Ne ki, bu soğuk savaş hareketlenmeye ve yeniden varlık sahasına çıkması bir yana, Korona salgını da bu savaşın yeniden yaygınlık kazanmasında bir pay sahibi olabilmektedir. Amerika’nın Çin-Rusya ile giriştiği ekonomik sürtüşme ve çatışmalardan direk olarak Suriye halkı etkilenmektedir. Bizi ilgilendiren de işin bu tarafıdır. Bu Sezar Yasası'nın uygulanması ile bir kapının yüzlerine açılmasını dört gözle bekleyen Suriyelilerin acıları artmıştır. İlk göstergeler bu yasanın Suriye’nin mücrim rejimi üzerinde çok da etkili olmadığı yönündedir. Bunun yerine, Esad'ın ilan ettiği ve hala sürdürdüğü kirli savaştan tükenmiş olan Suriye halkı olumsuz yönde etkilenmeye başlamıştır.  Öyle ki burada, 50 yıl veya daha fazla bir süreden beridir iktidarı ve ülkeyi gasp eden ahlaksız bir rejim tarafından uygulanan yağma, yolsuzluk ve bozgunculuk vakalarının gölgesinde yaşayan bir halk söz konusudur.

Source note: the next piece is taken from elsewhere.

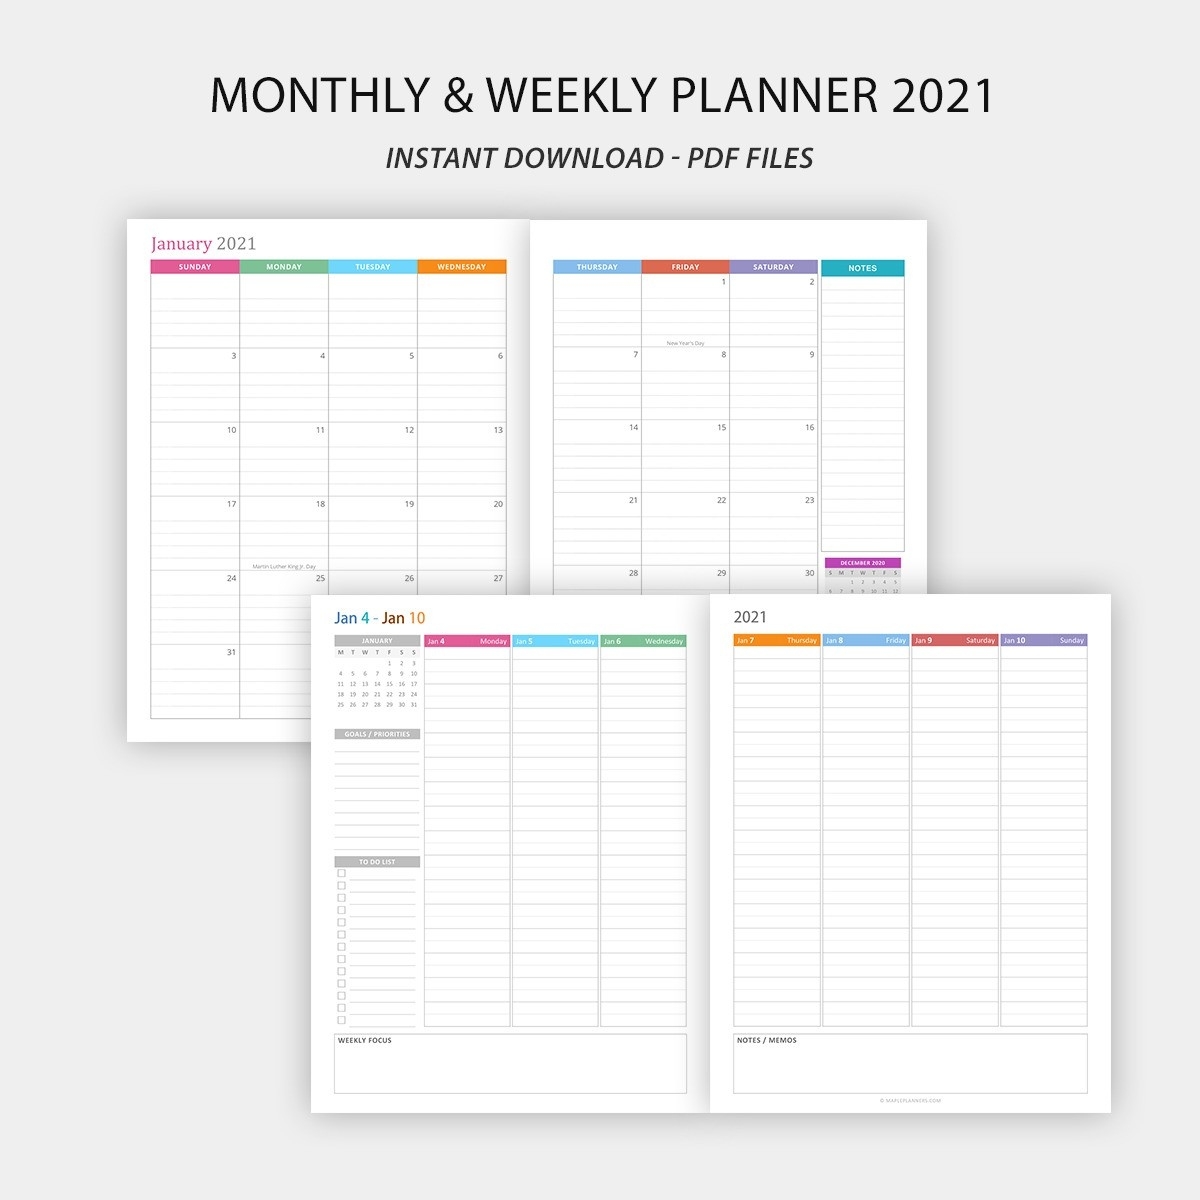 2021 Daily Planner Printable - Daily, Weekly And Monthly Planners Daily Calendar December 2021

Art arda gelen açıklamalar göstermektedir ki ABD yönetimi Suriye rejimini yerinden etmek istememektedir. Bilakis işlerini yoluna koymak için çaba harcamaktadır. Bu da bizi, politikacıların ve ekonomistlerin uzun zamandır dillendirdiği, “modern dünya tarihinde ekonomik yaptırımların ne Küba ve ne de Irak’ta herhangi bir siyasi sistemi yerinden eden ettiği görülmemiştir” şeklindeki gerçekle yüzleştirmektedir. Aksine gücünü zayıflatacak ve küresel bir dev olan Amerika’nın önünde onu daha da muhtaç bir hale getirecektir.

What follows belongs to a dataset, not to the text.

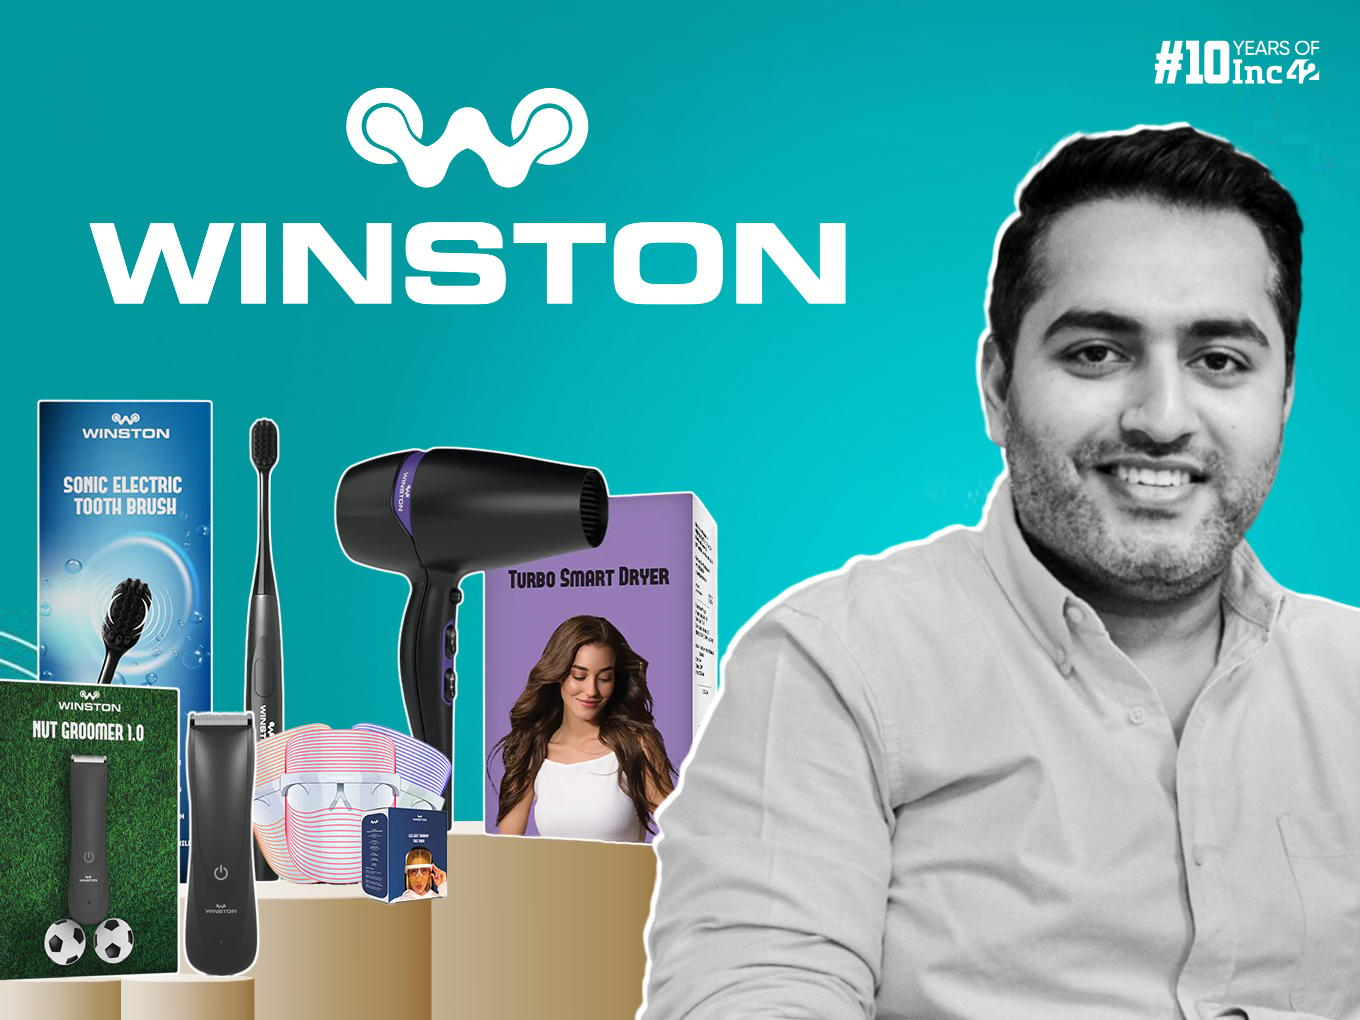 How Shark-Tank-Featured Winston Wants To Become The “Go-To” Grooming Devices Brand In India

Aslında, Suriye halkının her açıdan daha fazla acı çekeceği meselesi somut bir gerçeklik olarak ufukta belirmiştir. Suriye gerçekliğindeki köklü değişiklikler, iktidarın el değiştirmesi, otorite değişimi veya siyasi bir geçiş hakkında söylenen her şey, yakın siyasi müzakereden çok uzaktadır. Suriye’de arzulanan değişim yakın bir yerde kapıda değil, hala dillerde dolaşan bir şarkılardadır.